__Task statement__.
Give a verbatim copy of the data, leaving the pictures out.

__Dataset extract__.
□ □ □ □
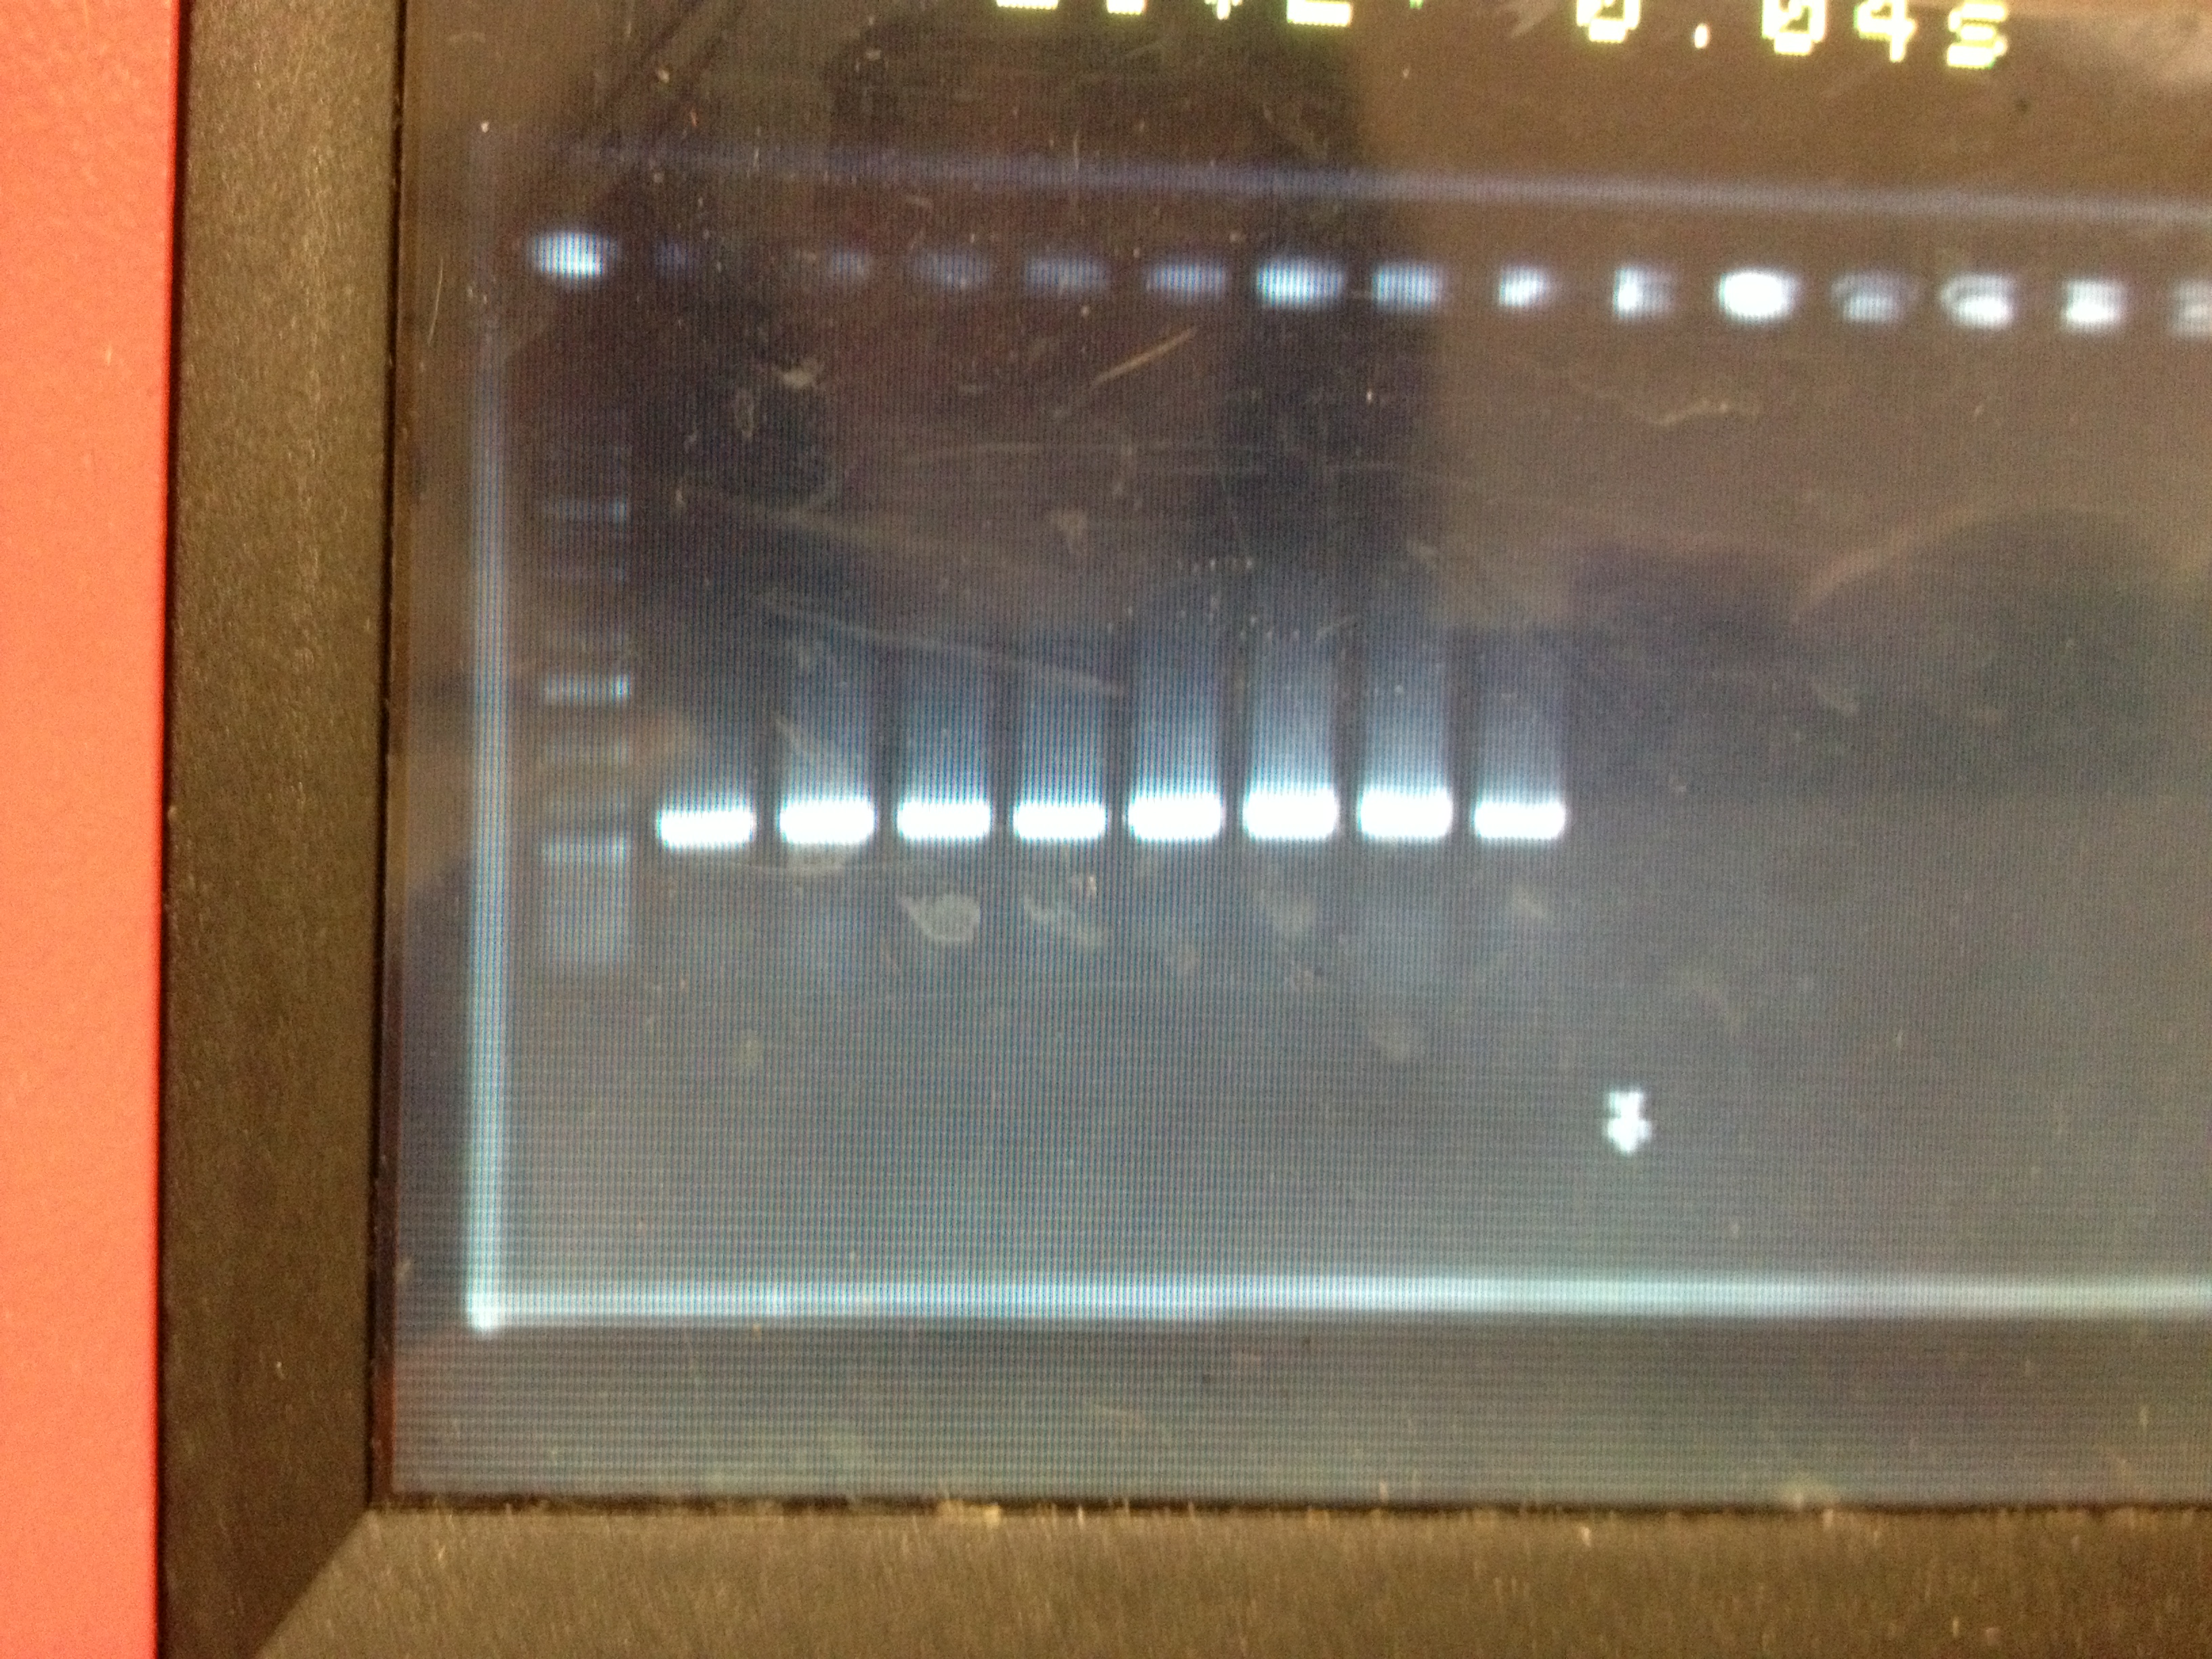 13-09-17 colony PCR pS013.2.JPG
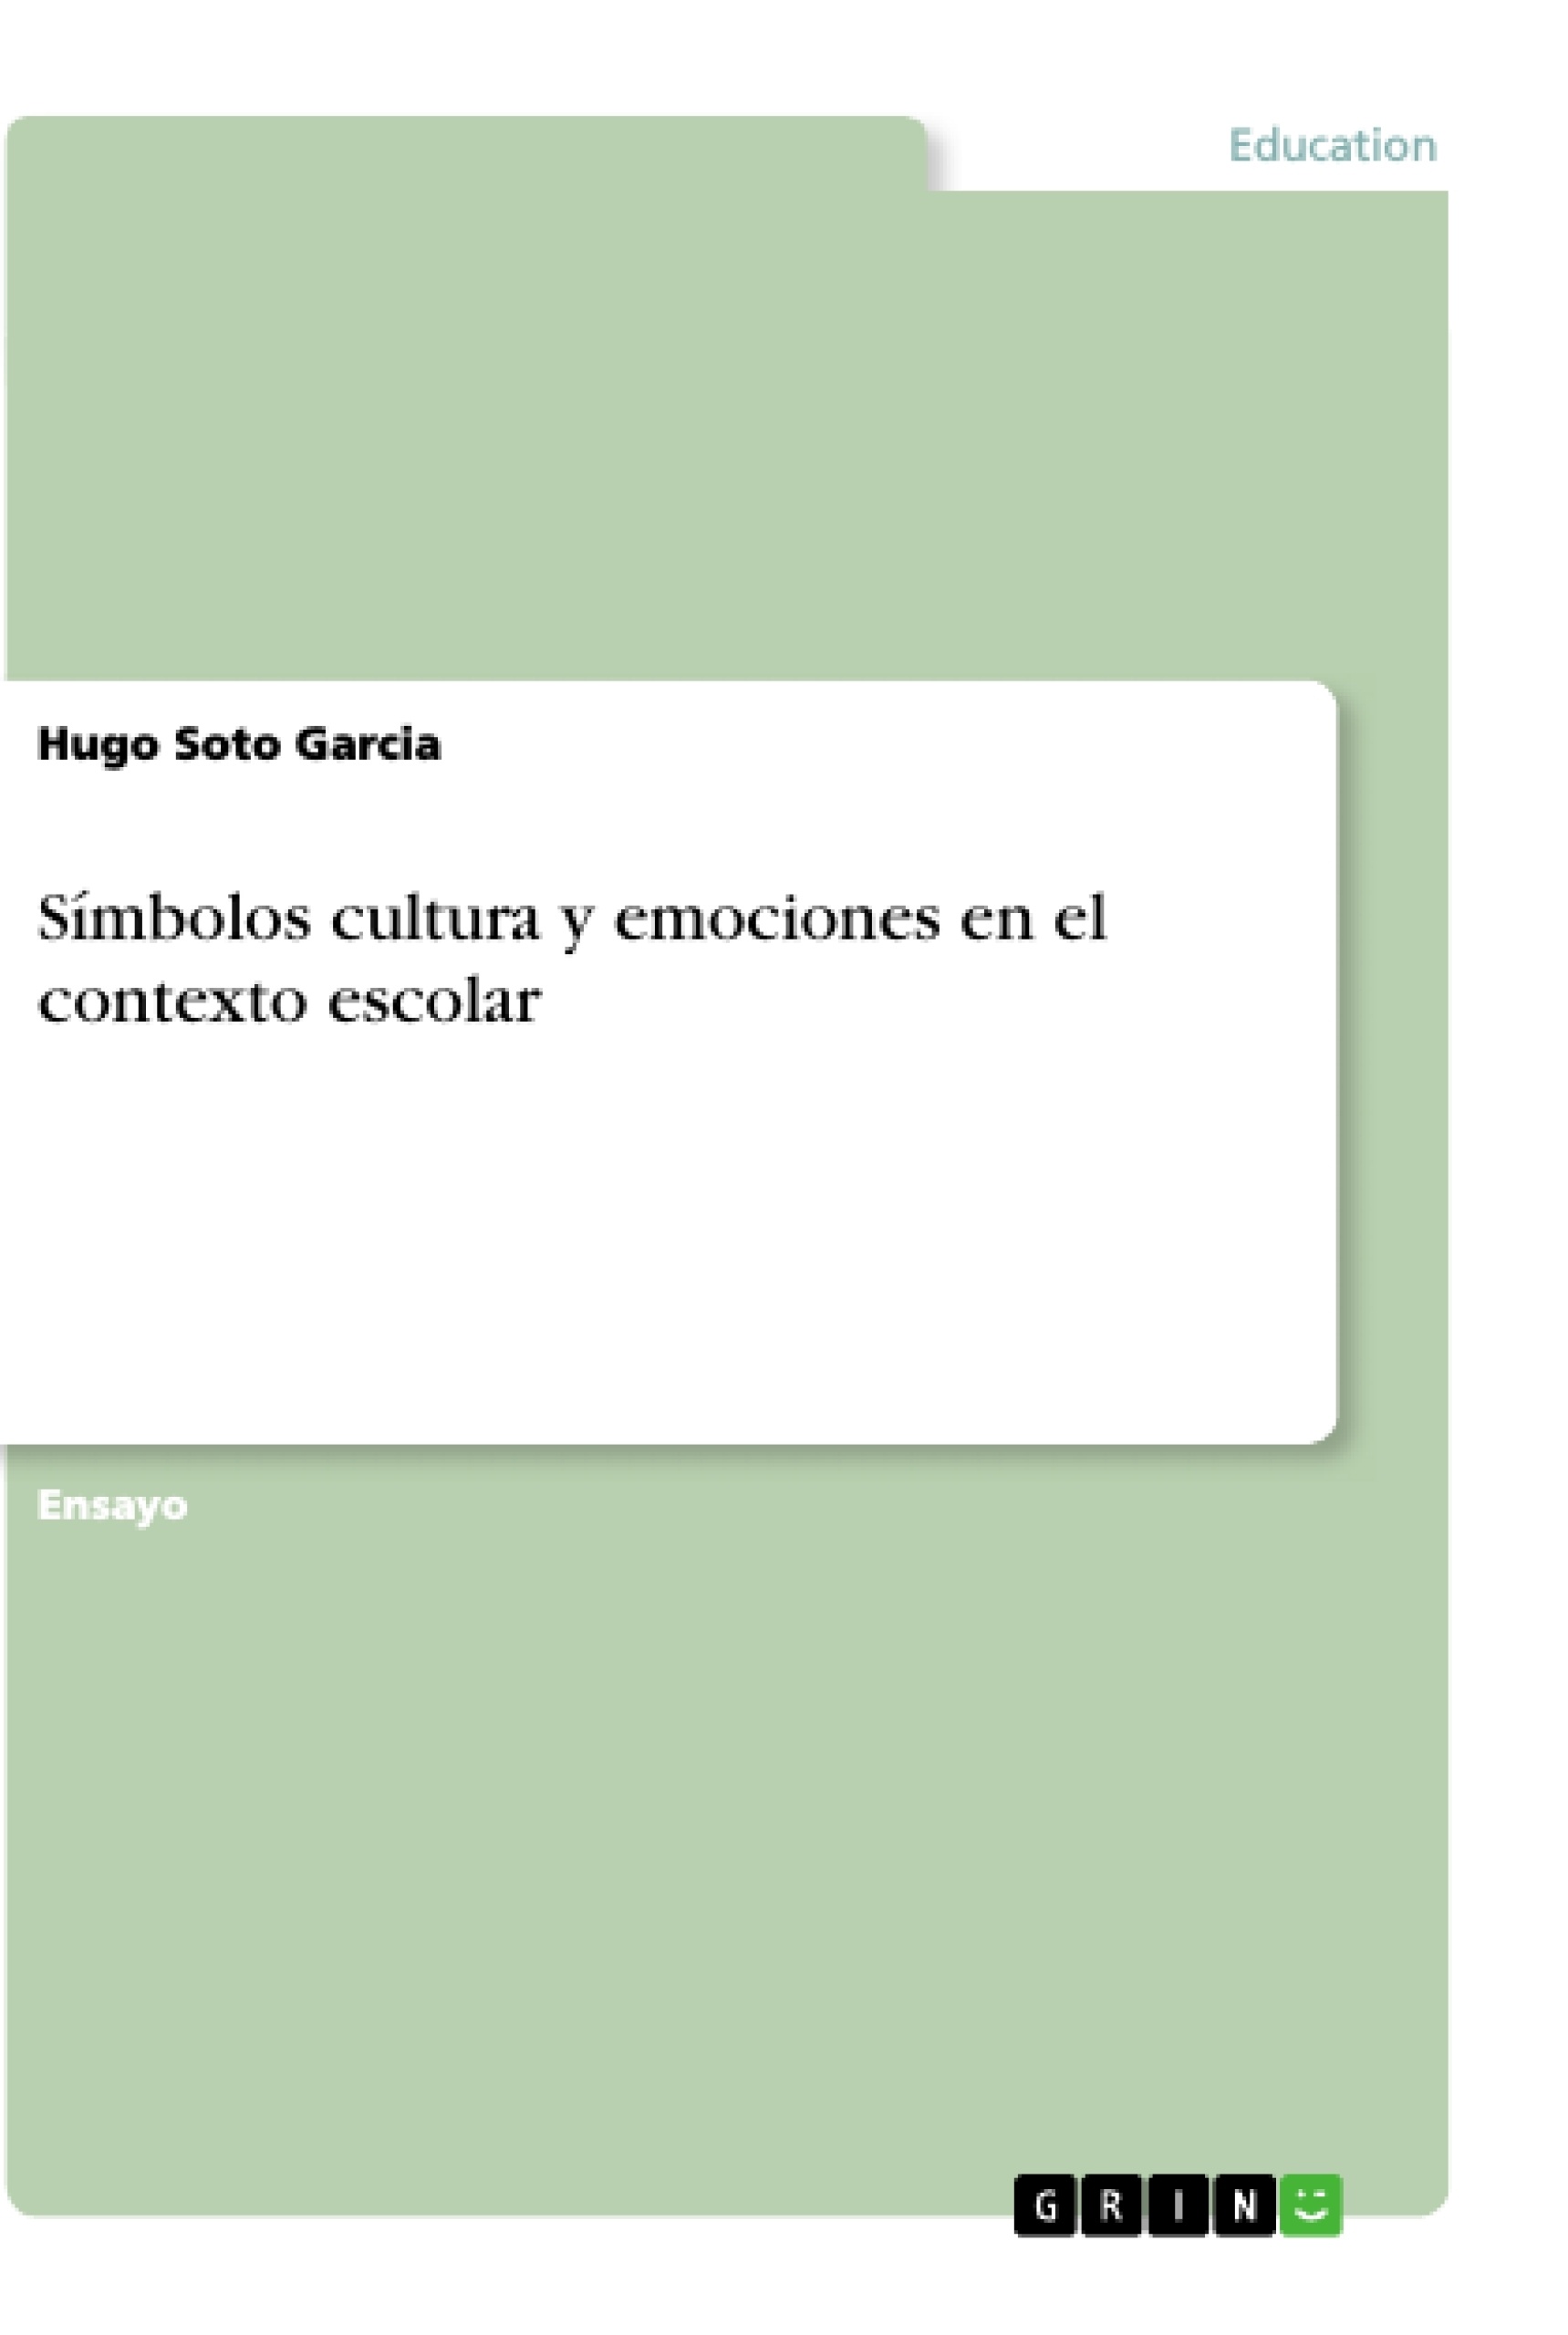 Titre: Símbolos cultura y emociones en el contexto escolar
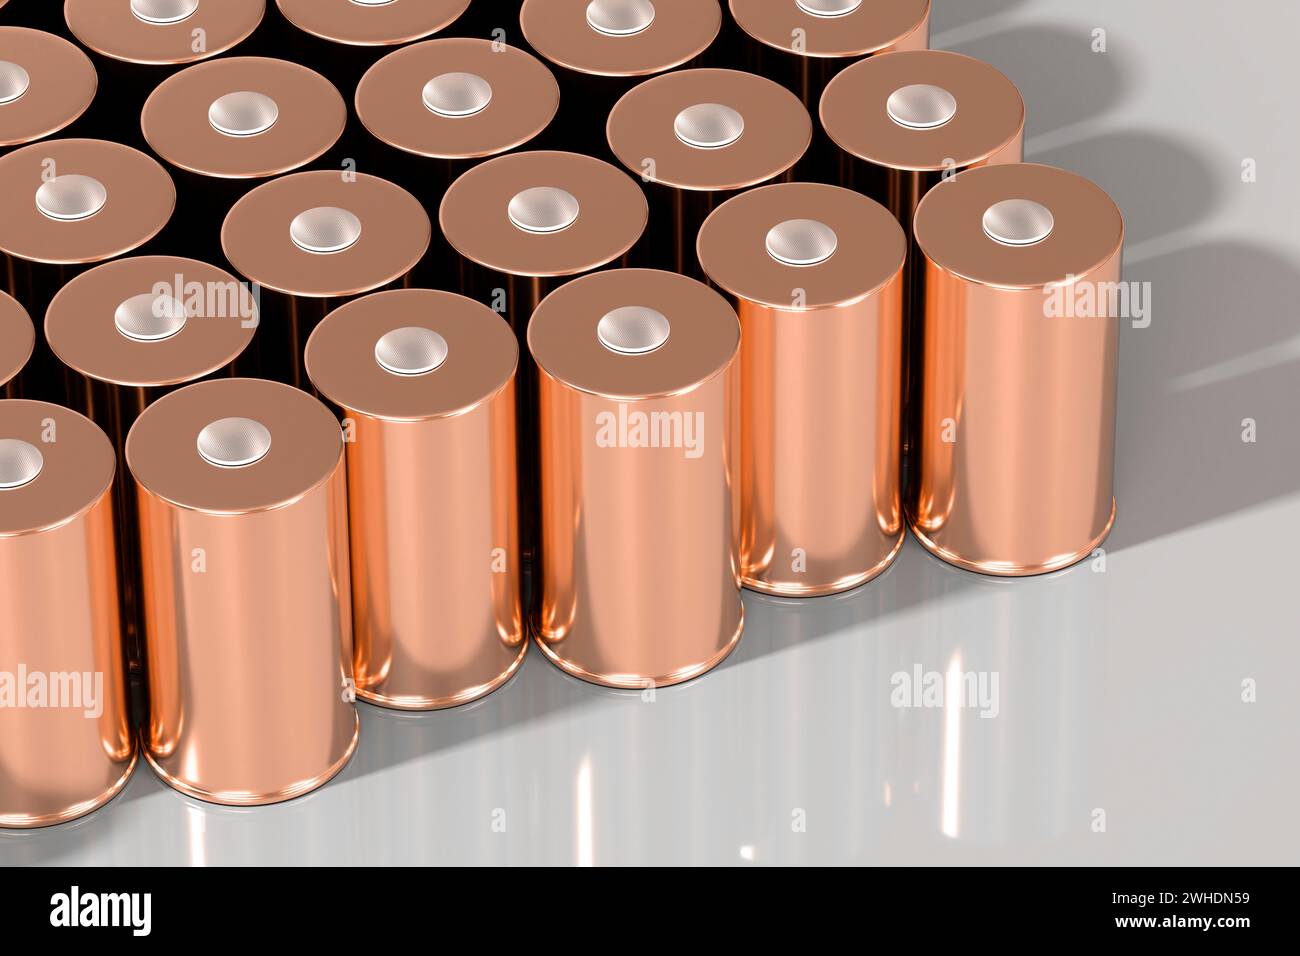 Batteria cilindrica al litio per trazione da 4680 pezzi per moduli, accumulatore cilindrico ad alta energia per veicoli elettrici o ibridi, Advan Foto Stock
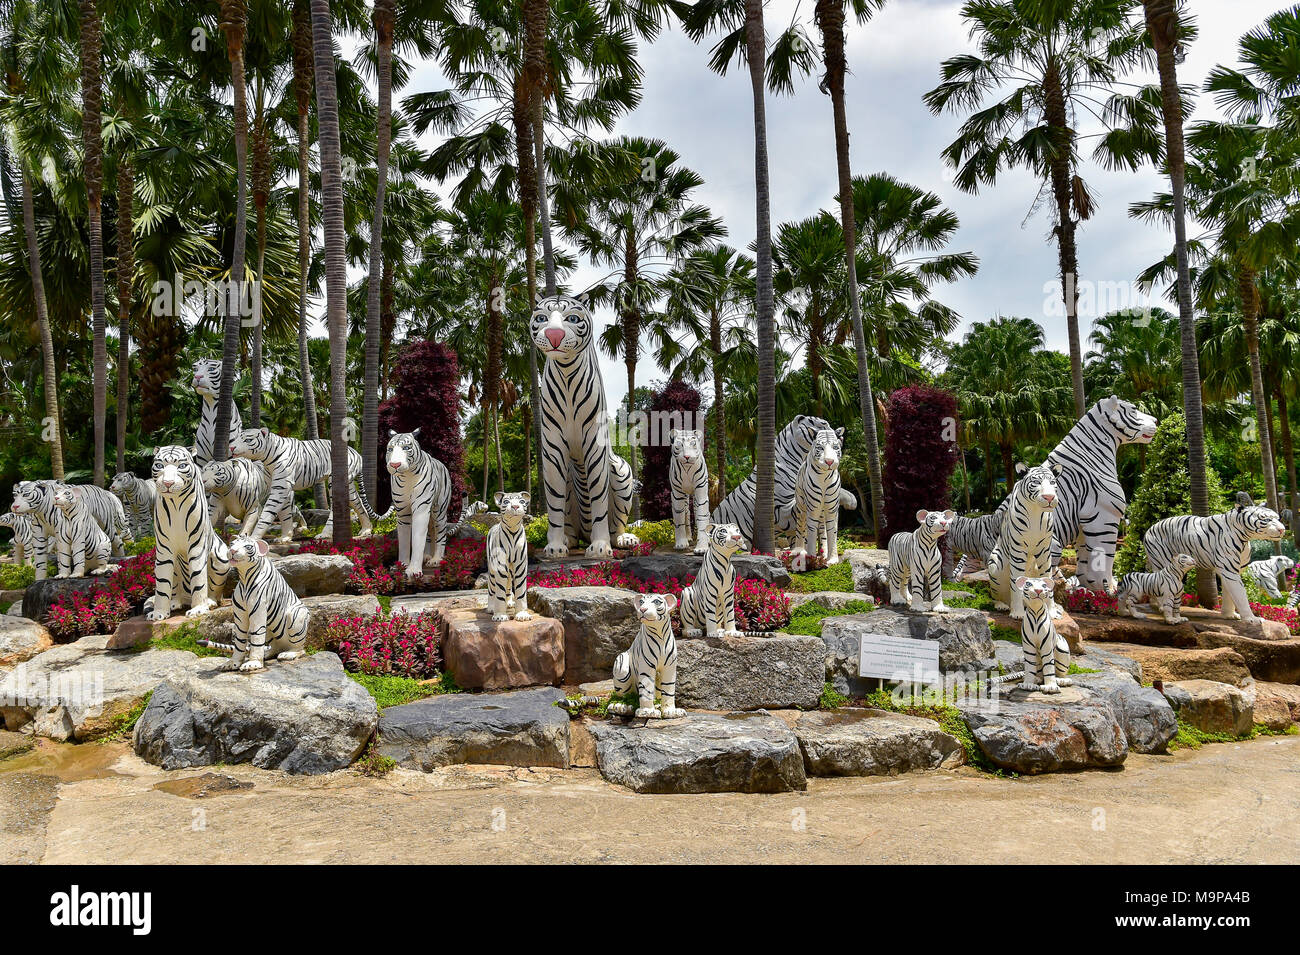 Tigre Blanco cifras, el jardín botánico tropical Nong Nooch, Pattaya, Tailandia Foto de stock
□ □ □ □
__Solution__.
 13-09-17 colony PCR pS013.2.JPG
 Titre: Símbolos cultura y emociones en el contexto escolar
 Batteria cilindrica al litio per trazione da 4680 pezzi per moduli, accumulatore cilindrico ad alta energia per veicoli elettrici o ibridi, Advan Foto Stock
 Tigre Blanco cifras, el jardín botánico tropical Nong Nooch, Pattaya, Tailandia Foto de stock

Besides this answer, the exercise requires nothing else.